◆ **PROVIDED MATERIAL**
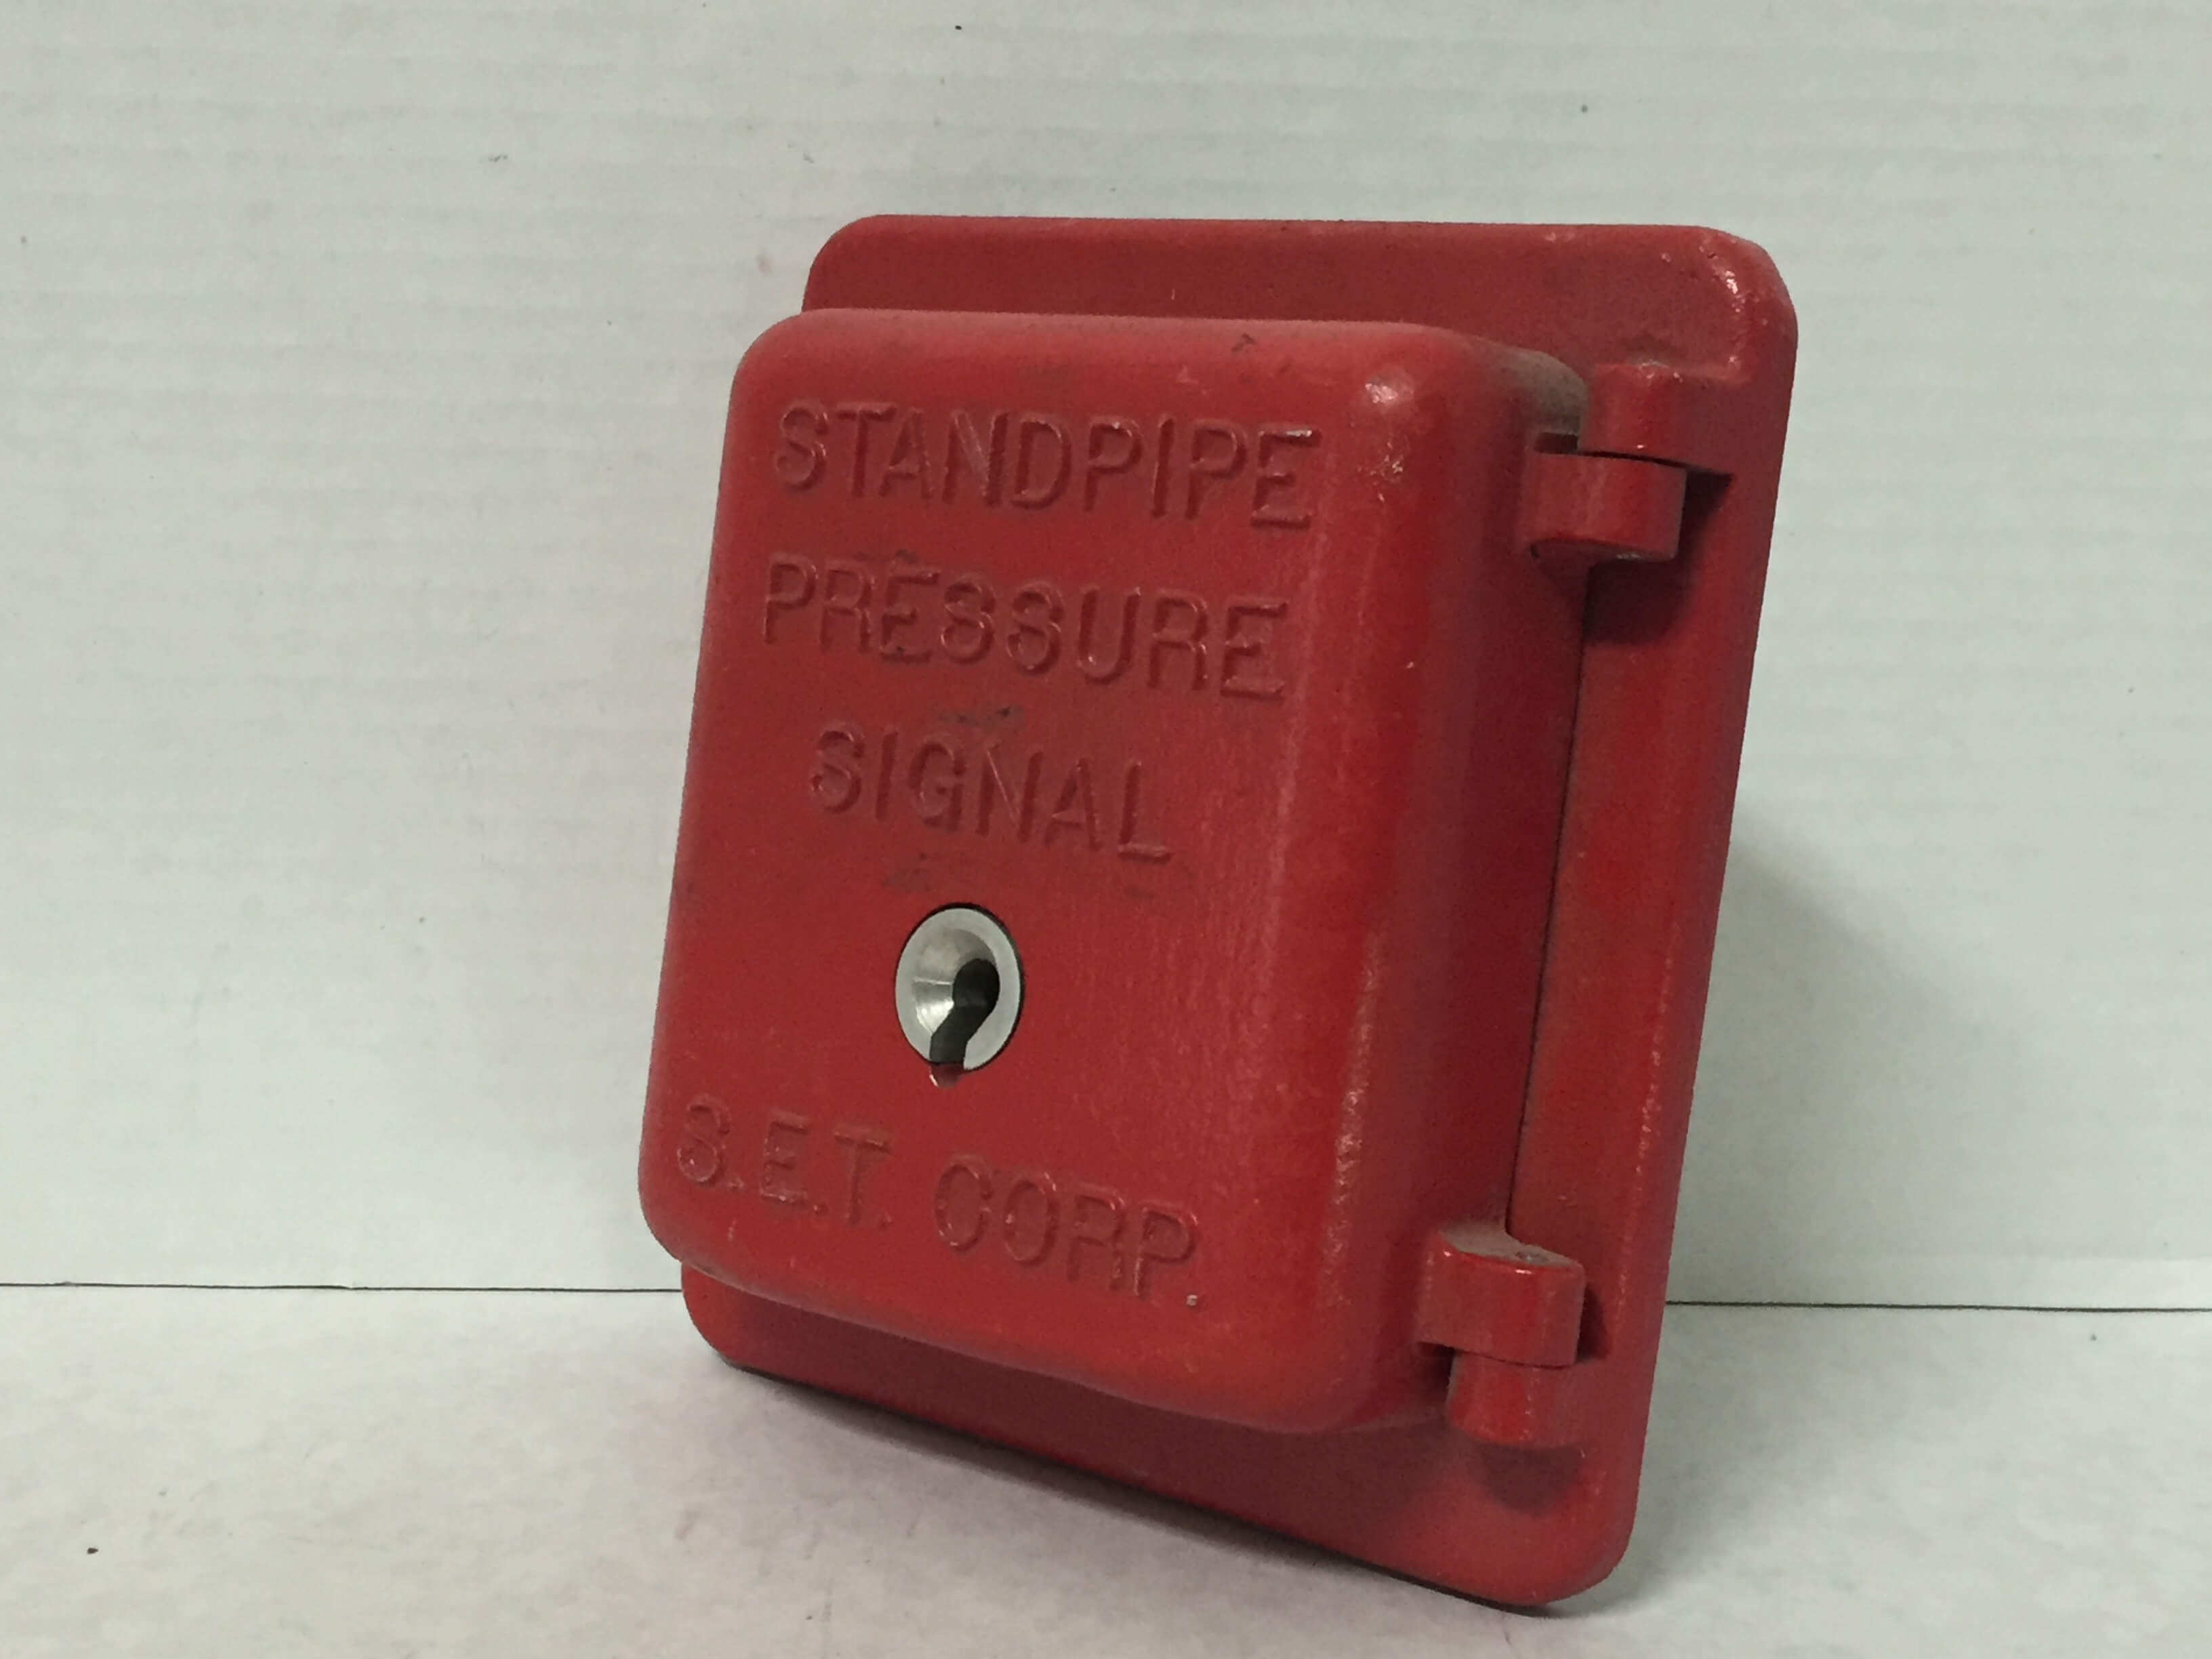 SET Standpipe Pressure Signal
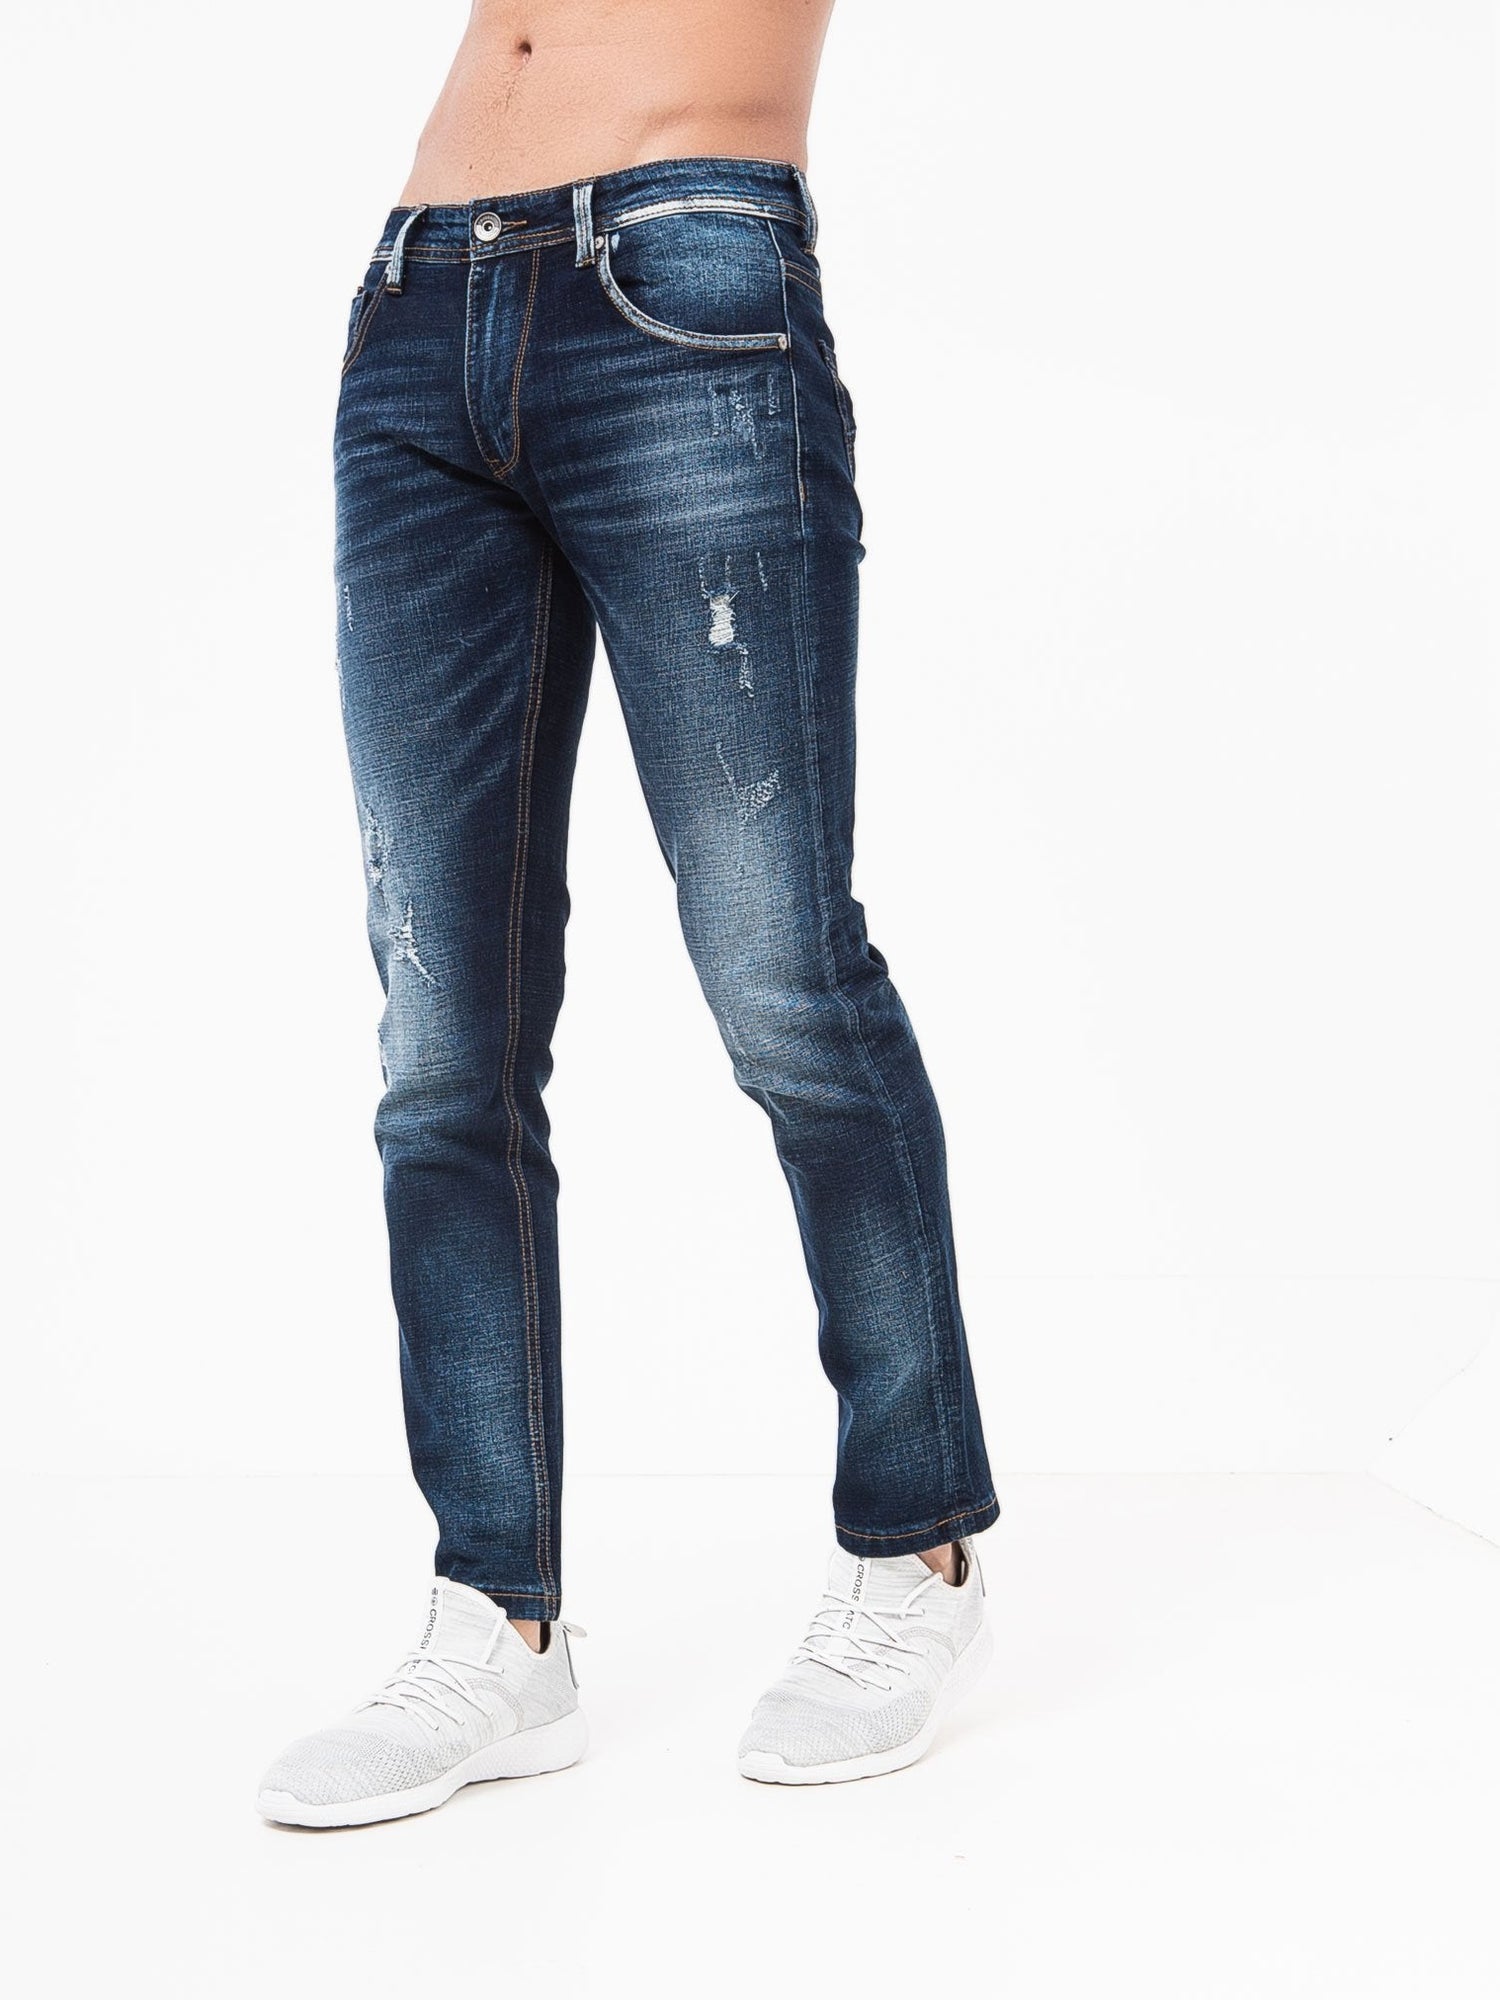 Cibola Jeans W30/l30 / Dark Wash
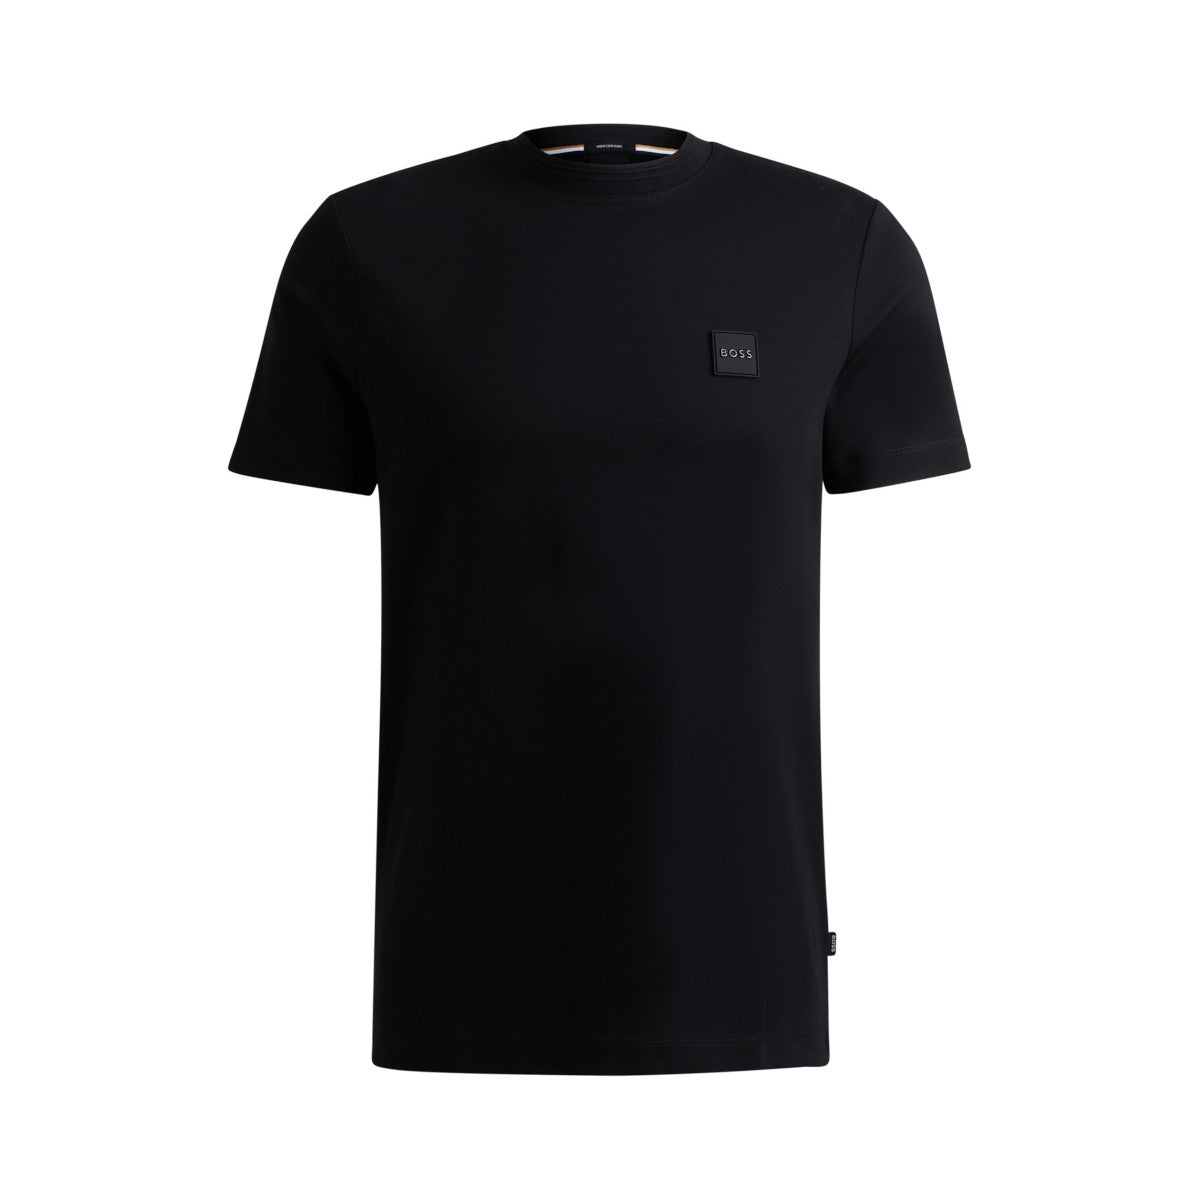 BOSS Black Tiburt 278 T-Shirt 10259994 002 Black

◆ **TO DO**
Aside from its pictures, the listing must be given again in full, exactly as it appears.

◆ **OUTPUT FOR THIS EXERCISE**
 SET Standpipe Pressure Signal
 Cibola Jeans W30/l30 / Dark Wash
 BOSS Black Tiburt 278 T-Shirt 10259994 002 Black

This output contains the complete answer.